But sadly, you don’t have any guarantee that it will output the optimal element
If I understand the setup correctly, there’s no guarantee that the optimal element would be good, right? It’s just likely since the optimal element a priori shouldn’t be unusually bad, and you’re assuming most satisficing elements are fine.
This initially threw me off regarding what problem you’re trying to solve. My best current guess is:
We’re assuming that if we could get a random satisficing action, we’d be happy with that with high probability. (So intuitively, we’re not asking for extremely hard-to-achieve outcomes relative to how well-specified the objective is.)

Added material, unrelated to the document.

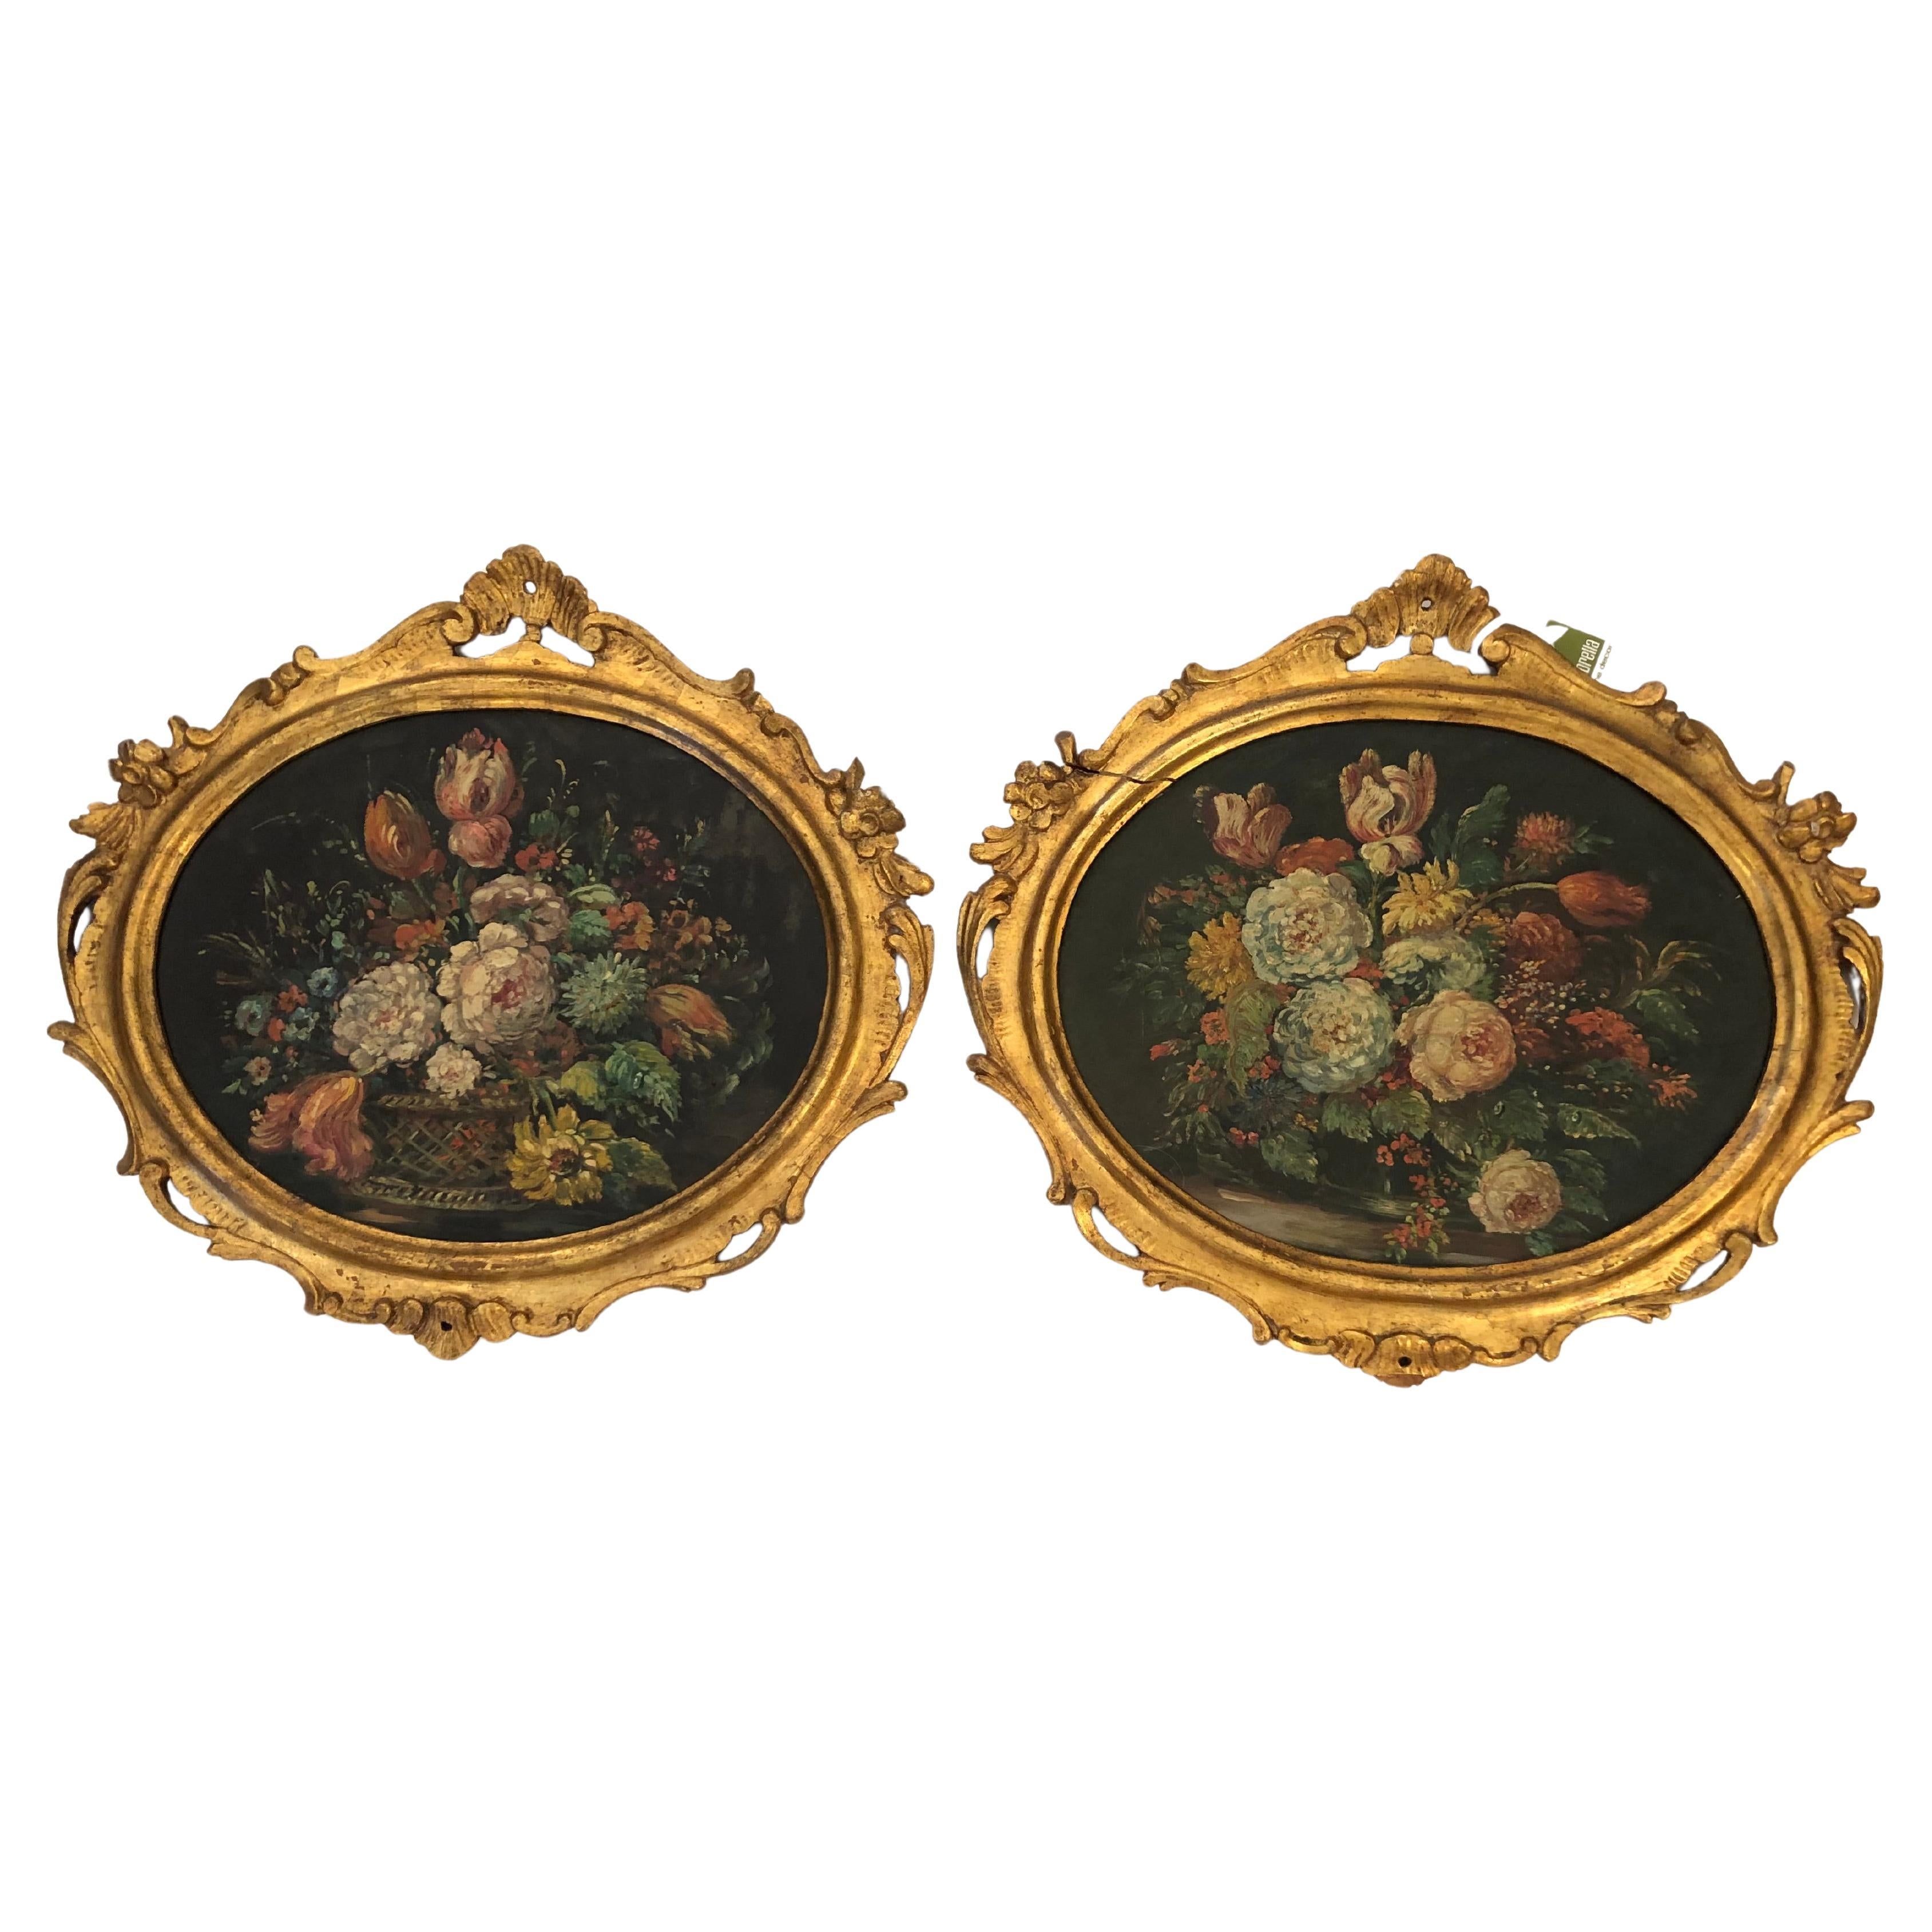 Pair of Charming European Oval Floral Still Lifes in Giltwood Frames

So the only problem is how to randomly sample from the set of satisficing actions computationally efficiently, which is what this post is trying to solve, assuming access to an oracle that gives adversarial satisficing actions.
As an example, we might want to achieve outcomes that require somewhat superhuman intelligence. Our objective specification is very good, but it leaves some room for an adversary to mess with us while satisficing. We’re worried about an adversary because we had to train this somewhat superhuman AI, which may have different goals than just doing well on the objective.
If this is right, then I think stating these assumptions and the problem of sampling efficiently at the beginning would have avoided much of my confusion (and looking at other comments, I’d guess others also had differing impressions of what this post is trying to do).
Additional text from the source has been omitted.